`vllm.inputs.llm` ¶

Schema and utilities for input prompts to the LLM API.

Classes:

DataPrompt –

Represents generic inputs that are converted to
EmbedsPrompt –

Schema for a prompt provided via token embeddings.
ExplicitEncoderDecoderPrompt –

Schema for a pair of encoder and decoder singleton prompts.
MultiModalDataBuiltins –

Type annotations for modality types predefined by vLLM.
TextPrompt –

Schema for a text prompt.
TokensPrompt –

Schema for a tokenized prompt.

Attributes:

DecoderOnlyPrompt (TypeAlias) –

Schema of a prompt for a decoder-only model:
DecoderPrompt (TypeAlias) –

Schema of a prompt for the decoder part of an encoder-decoder model:
EncoderDecoderPrompt (TypeAlias) –

Schema for a prompt for an encoder-decoder model.
EncoderPrompt (TypeAlias) –

Schema of a prompt for the encoder part of a encoder-decoder model:
ModalityData (TypeAlias) –

Either a single data item, or a list of data items. Can only be None if UUID
MultiModalDataDict (TypeAlias) –

A dictionary containing an entry for each modality type to input.
MultiModalUUIDDict (TypeAlias) –

A dictionary containing user-provided UUIDs for items in each modality.
PromptType (TypeAlias) –

Schema for any prompt, regardless of model type.
SingletonPrompt (TypeAlias) –

Schema for a single prompt. This is as opposed to a data structure

`DecoderOnlyPrompt = str | TextPrompt | list[int] | TokensPrompt | EmbedsPrompt` `module-attribute` ¶

Schema of a prompt for a decoder-only model:

A text prompt (string or TextPrompt)
A tokenized prompt (list of token IDs, or TokensPrompt)
An embeddings prompt (EmbedsPrompt)

For encoder-decoder models, passing a singleton prompt is shorthand for passing ExplicitEncoderDecoderPrompt(encoder_prompt=prompt, decoder_prompt=None).

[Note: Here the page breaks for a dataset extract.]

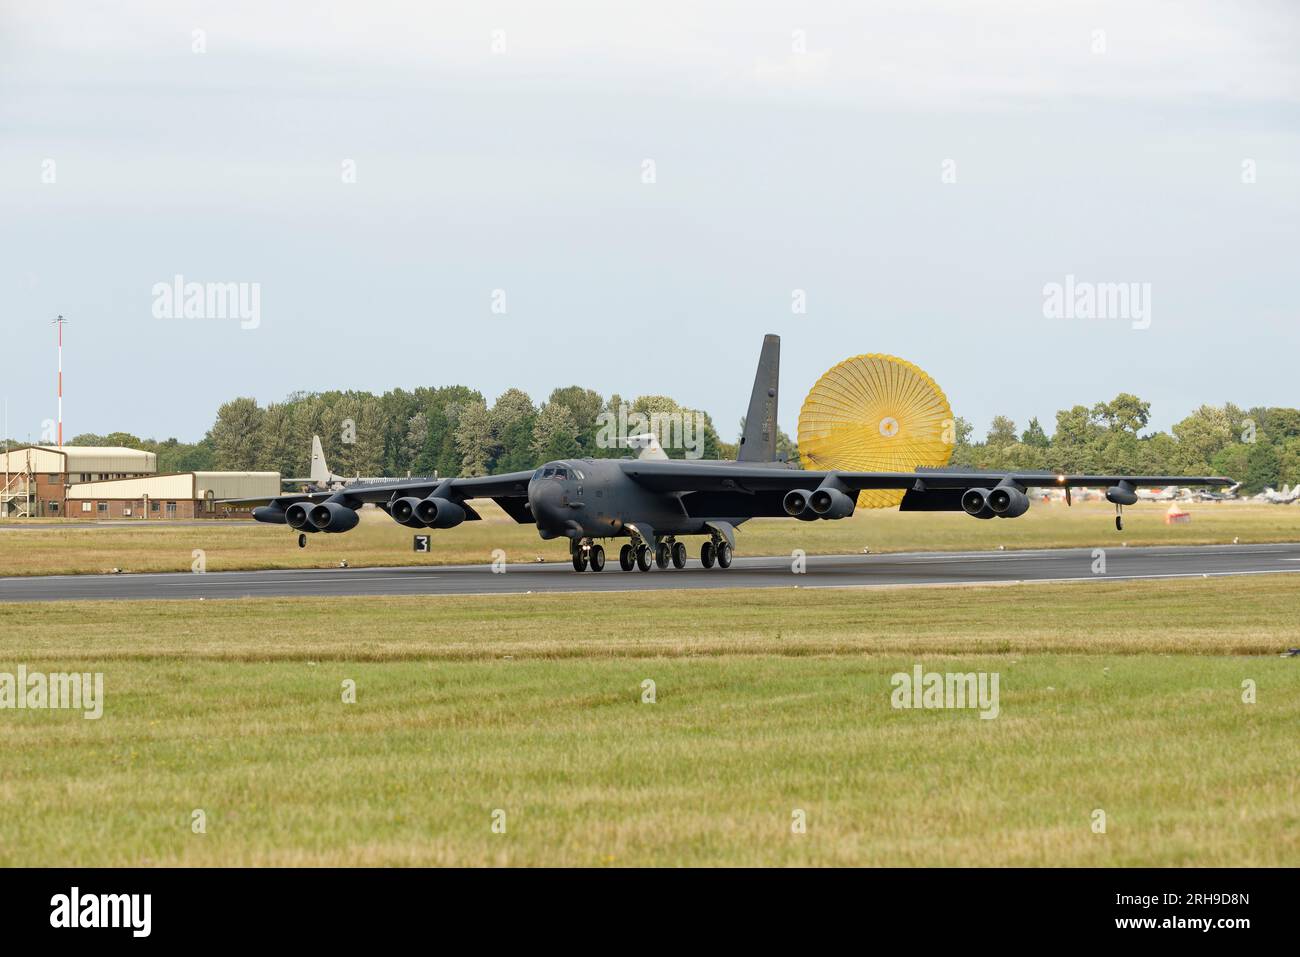 Boeing B-52 Stratofortress from the 93rd Bomb Squadron Barksdale Air Force Base Louisiana lands after displaying at the Royal International Air Tattoo Stock Photo

`DecoderPrompt = str | TextPrompt | list[int] | TokensPrompt` `module-attribute` ¶

Schema of a prompt for the decoder part of an encoder-decoder model:

A text prompt (string or TextPrompt)
A tokenized prompt (list of token IDs, or TokensPrompt)

Note

Multi-modal inputs are not supported for decoder prompts.

`EncoderDecoderPrompt = EncoderPrompt | ExplicitEncoderDecoderPrompt` `module-attribute` ¶

Schema for a prompt for an encoder-decoder model.

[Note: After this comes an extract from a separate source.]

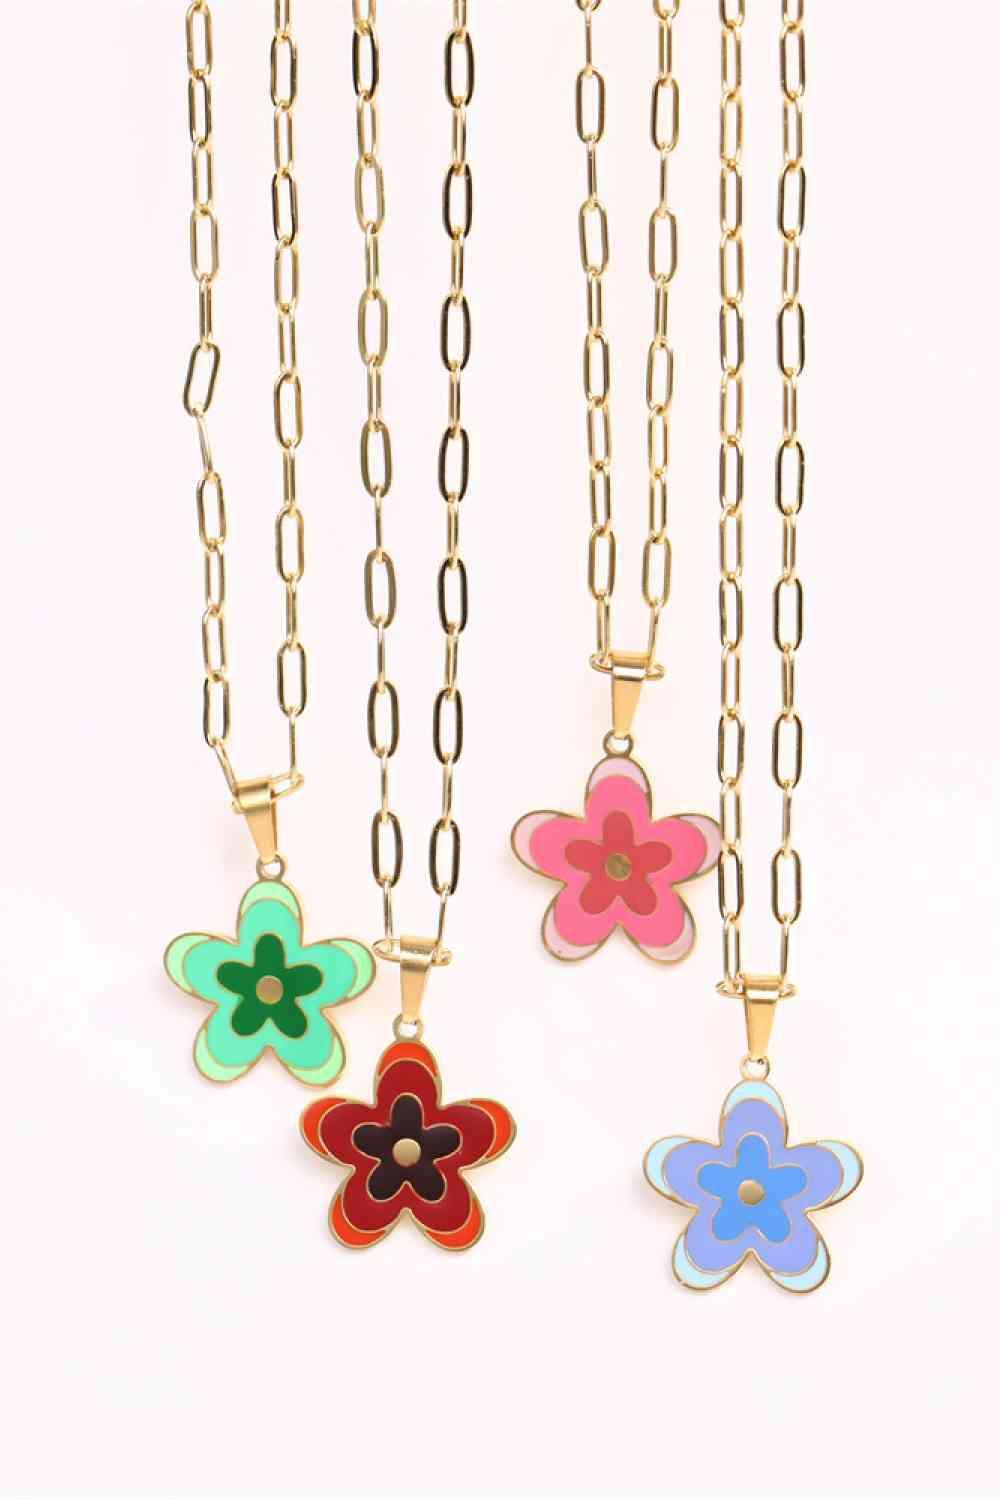 Necklaces - God's Girl Gifts And Apparel

You can pass a singleton encoder prompt, in which case the decoder prompt is considered to be None (i.e., infer automatically).

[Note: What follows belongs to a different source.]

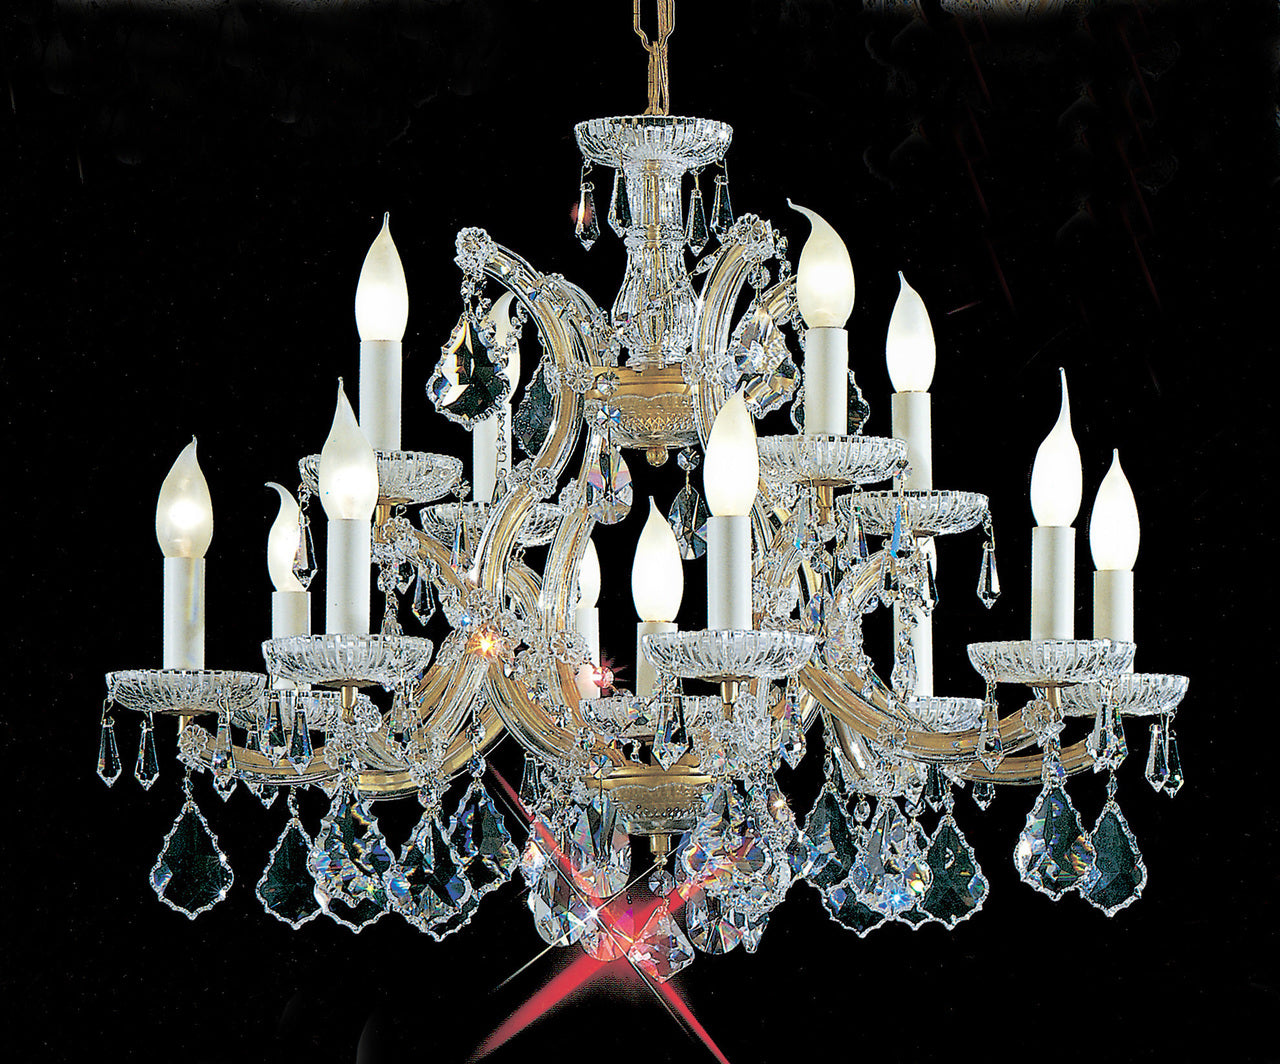 Classic Lighting 8113 OWG S Maria Theresa Traditional Crystal Chandelier in Olde World Gold (Imported from Italy)

`EncoderPrompt = str | TextPrompt | list[int] | TokensPrompt` `module-attribute` ¶

Schema of a prompt for the encoder part of a encoder-decoder model:

A text prompt (string or TextPrompt)
A tokenized prompt (list of token IDs, or TokensPrompt)

`ModalityData = _T | list[_T | None] | None` `module-attribute` ¶

Either a single data item, or a list of data items. Can only be None if UUID is provided.

The number of data items allowed per modality is restricted by --limit-mm-per-prompt.

`MultiModalDataDict = Mapping[str, ModalityData[Any]]` `module-attribute` ¶

A dictionary containing an entry for each modality type to input.

The built-in modalities are defined by MultiModalDataBuiltins.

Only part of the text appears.